Банкиром можешь ты не быть / Искусство и культура / Художественный дневник / Кино

Редко встретишь государственного мужа, который помимо отслеживания модных книжных новинок (какого-нибудь очередного Стига Ларссона) всерьез интересуется поэзией. Нет, интересуется — это не то слово. Ведь первый зампред Банка России Алексей Улюкаев в юности, в золотую пору студенческих надежд и разочарований, пробовал ступить на поэтическую стезю. Печатался в «Студенческом меридиане», бывал на поэтических сходках. И если бы не замаячившее — в силу полученного образования — финансово-экономическое поприще, список маститых российских поэтов конца века вполне мог пополниться еще одним именем. Его место было бы где-то среди представителей питерской школы. Но грянули перестройка и так называемый гайдаровский призыв. Поэтому сегодня, читая Улюкаева, ловишь себя на мысли, что автору пришлось выбирать между двух жизней, и он выбрал одну в ущерб другой. Экономист будто бы затащил поэта в комнату с биржевыми сводками и запер на ключ...

А между тем, пишет Улюкаев всерьез, стихи для него отнюдь не способ «культурно расслабиться». В 2002 году он уже опубликовал сборник «Огонь и отсвет». Еще через несколько лет вышел СD-альбом «Между летним и зимним». Натренированное ухо могло уловить в нем настроение, чем-то напоминающее песни группы «Воскресение».

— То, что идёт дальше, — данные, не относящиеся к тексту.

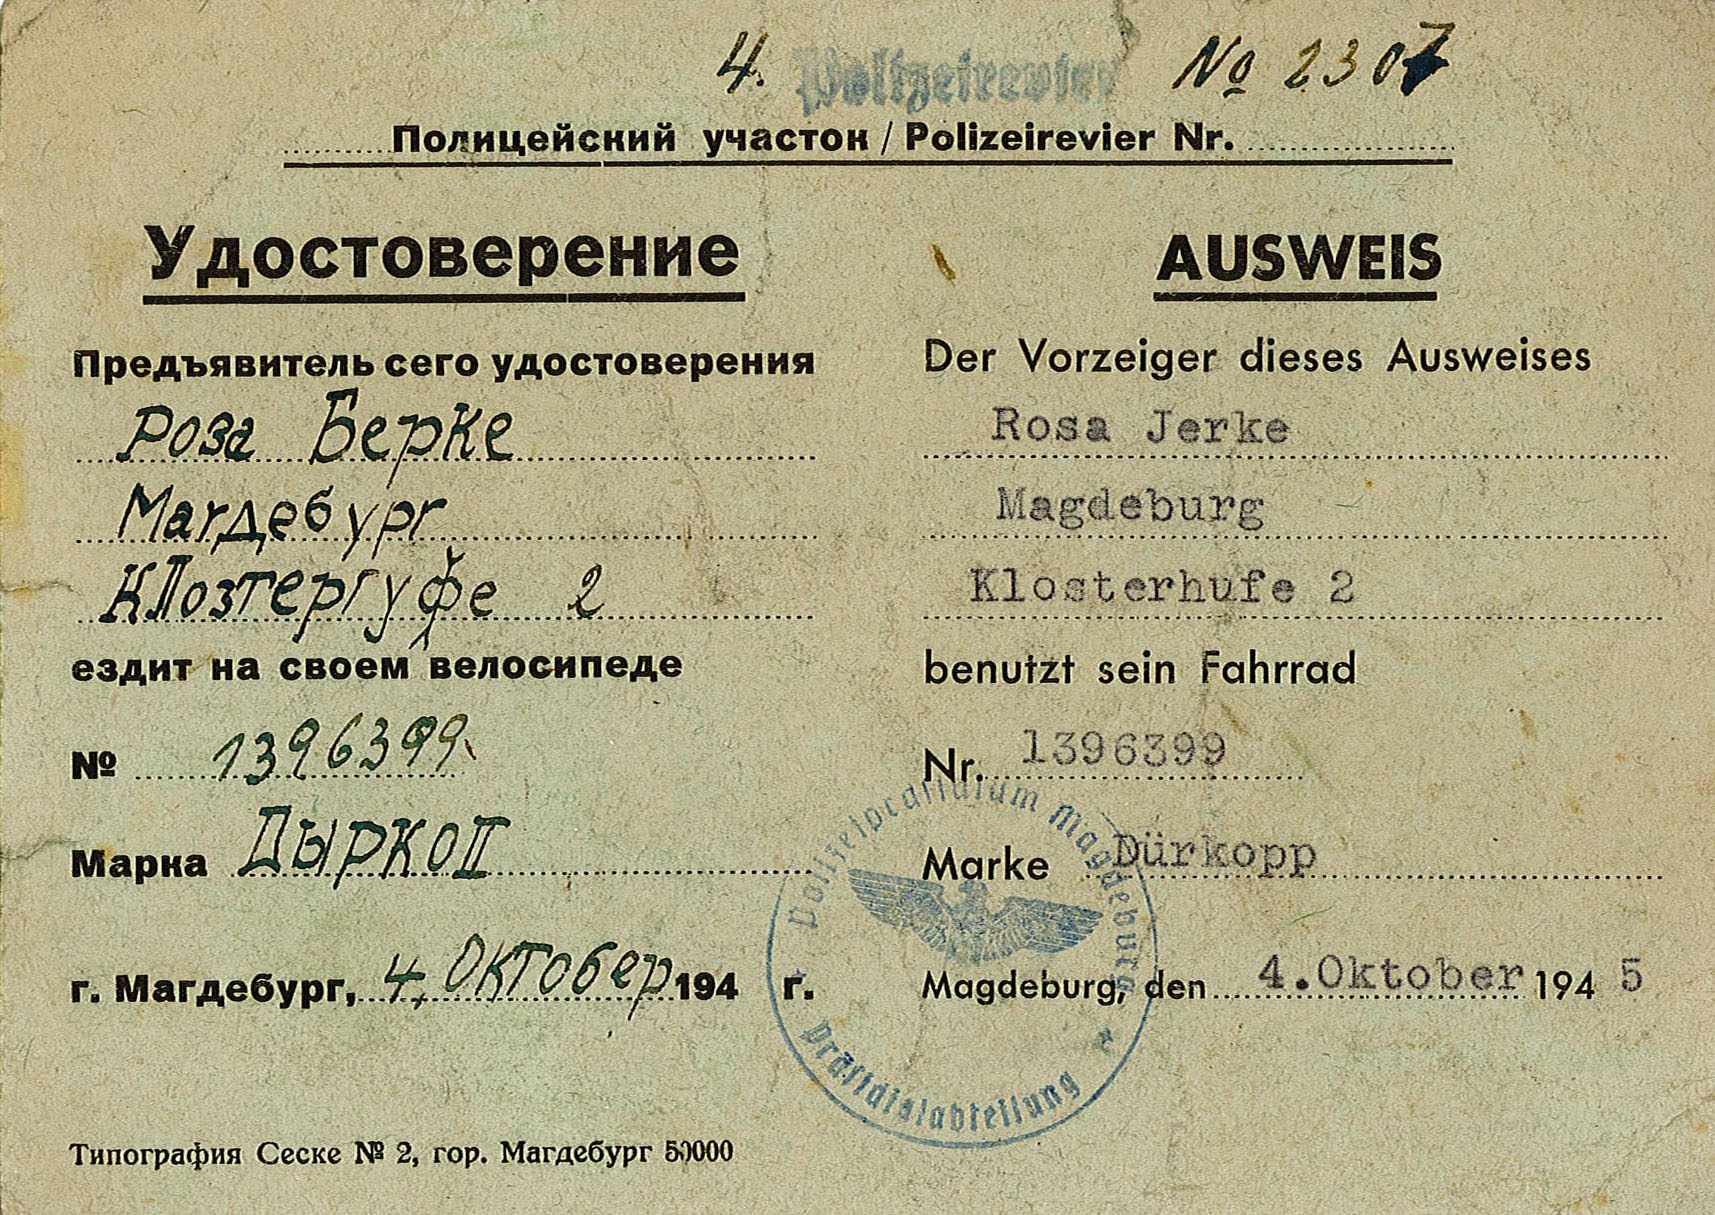 Ausweis des Polizeipräsidiums Magdeburg für Rosa Jerke zur Fahrradnutzung, 1945 (Museum Wolmirstedt RR-F)

Сегодня мы листаем второй, полный улюкаевский сборник. В нем несколько циклов, первый из которых, по всему видно, получил свое название («До н.э.») сильно пост-постфактум. Не знаю, зачем автор решил так резко отделить раннюю лирику от зрелой. Ведь удачные тексты им были написаны еще в 74-м. В том числе, может быть, лучшая из его вещей «Ситцы-занавески»: «Не нужно память напрягать, она всегда готова здесь приукрасить, там солгать. Перелистай свою тетрадь, там правды нет ни слова. И все, что кажется тебе значительным и веским, колеблется в прошедшем дне, как легкий дым в печной трубе, как ситцы-занавески. Не нужно память напрягать, оставь ее, довольно. Там нет ни друга, ни врага, там день и ночь идут снега...»

Сейчас другие времена. Не только в экономике, но и в поэзии. Эпоха прекрасной ясности позади, размеры и метафоры усложнились. Поэтам все труднее становится впасть, «как в ересь, в неслыханную простоту». Алексей Валентинович внимательно прислушивается к окружающему литературному контексту. Но, похоже, в последние годы читать любит больше, чем писать. Хотя если пишет, то получаются стихи, приличные по меркам не только ЛИТО (в них Улюкаев, кажется, никогда не состоял), но и, скажем, отделов поэзии толстых журналов. Например, его подборка некоторое время назад выходила в «Знамени».

Он умело строит строфу и порой выбирает не самые простые формы, например сонет.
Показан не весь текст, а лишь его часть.